The choice is between running a dense model or a mixture of experts (moe) model. Dense models use all their parameters to generate each token, moe models only use a fraction. A moe model is typically faster to run than a dense model of comparable intelligence, but also larger. Currently moe models are better suited for home PCs because they can be ran reasonably fast even when loaded to ram or shared between ram and vram. The amount of memory used by the model is the same as it's file size plus 2-4 gb depending on your context window. Below is a list of model links, for each model there are several quantization options, for example, Q4_K_M. Lower number means smaller model size in exchange for lower quality.
Picking the right model for rp/writing:
From best to worst (excluding deepseek, kimi and large glm):
1- https://huggingface.co/unsloth/Qwen3-235B-A22B-Instruct-2507-GGUF #moe (must fit into ram+vram). use at least q2_k.
2- https://huggingface.co/unsloth/GLM-4.5-Air-GGUF #moe (must fit into ram+vram). use at least q2_k.

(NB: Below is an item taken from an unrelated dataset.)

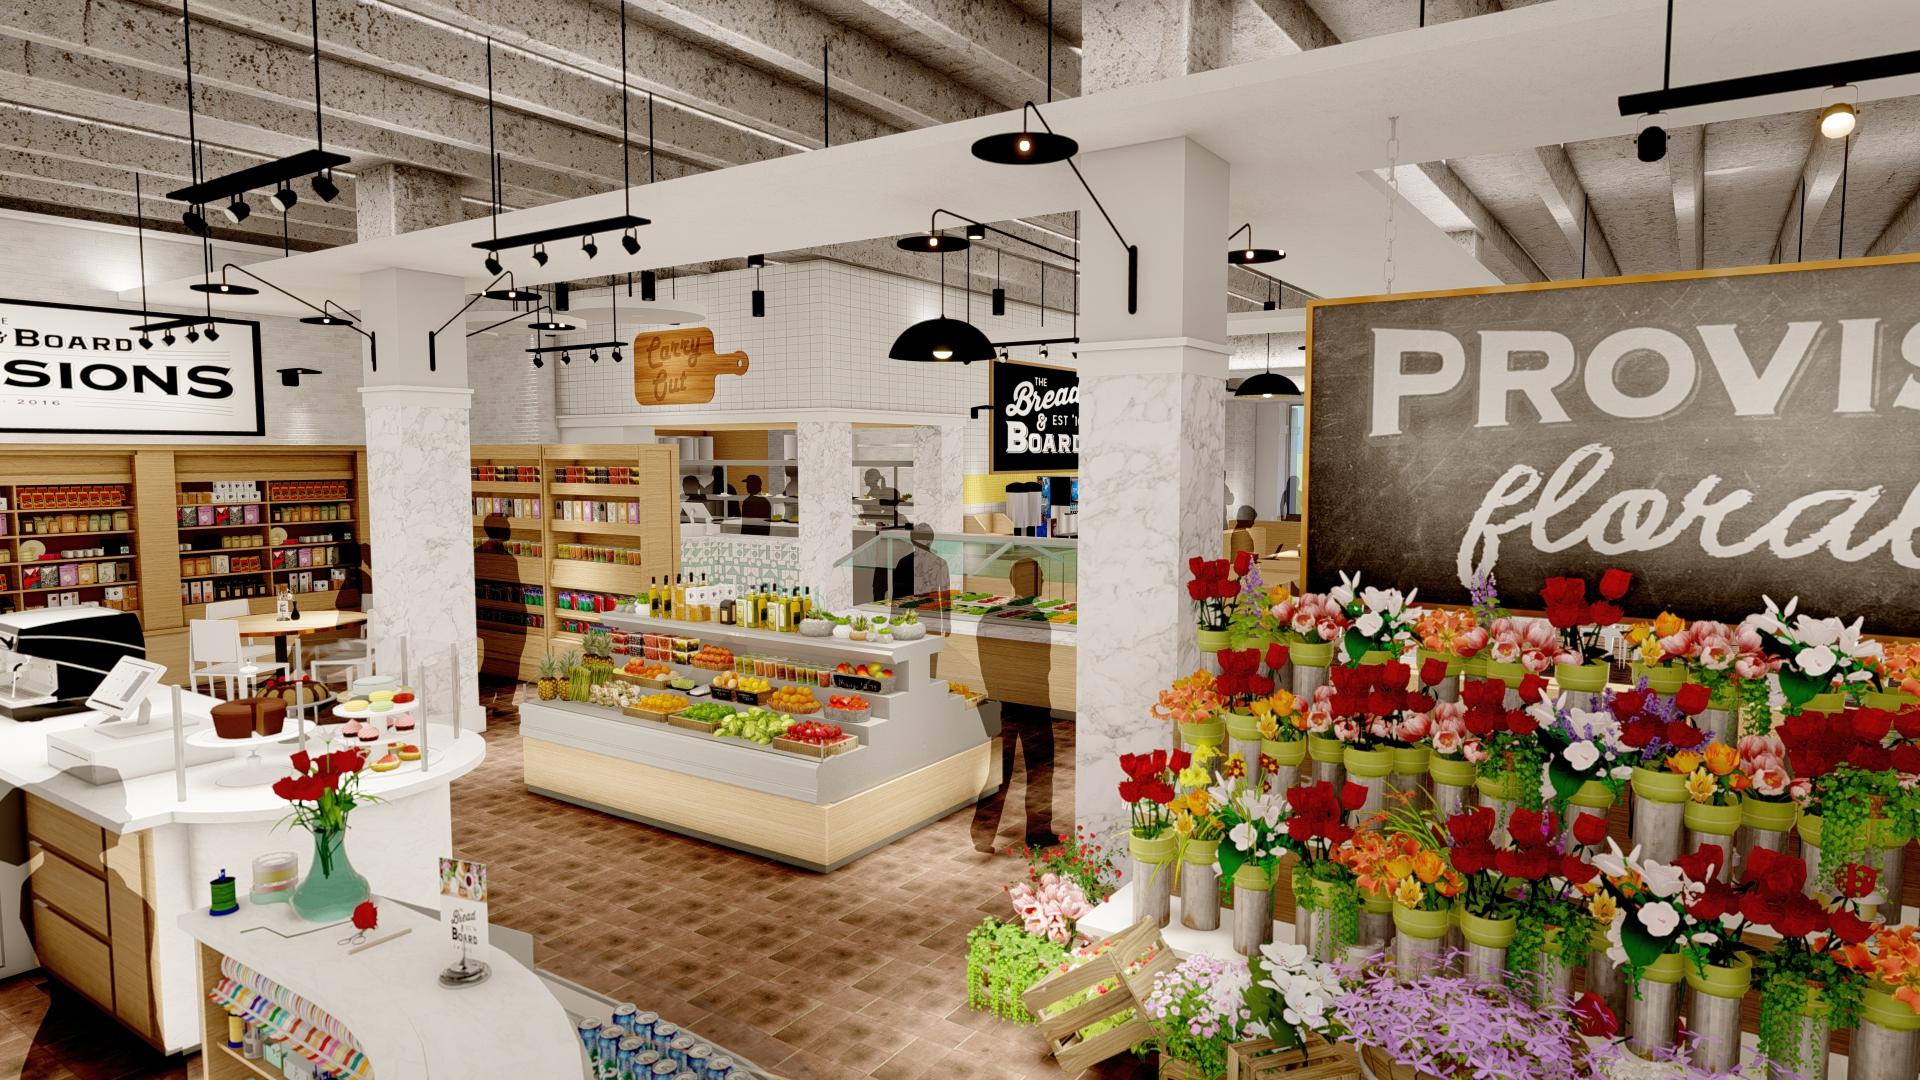 Bread & Board Provisions rendering, Jacksonville, FL

Each of the following 3 has their own strengths:
3- better prose but is safetyslopped https://huggingface.co/lmstudio-community/gemma-3-27B-it-qat-GGUF #dense model (must fit into vram)
4- more explicit, mature https://huggingface.co/bartowski/Rocinante-12B-v1.1-GGUF #dense model (must fit into vram). use at least q4_k_s
5- smarter https://huggingface.co/unsloth/Qwen3-30B-A3B-Instruct-2507-GGUF #moe (must fit into ram+vram). at least IQ4_XS.
6- https://huggingface.co/unsloth/Qwen3-4B-Instruct-2507-GGUF #dense model(must fit into vram). epic cope
Run with kobold.cpp in sillytavern for rp and mikupad for writing.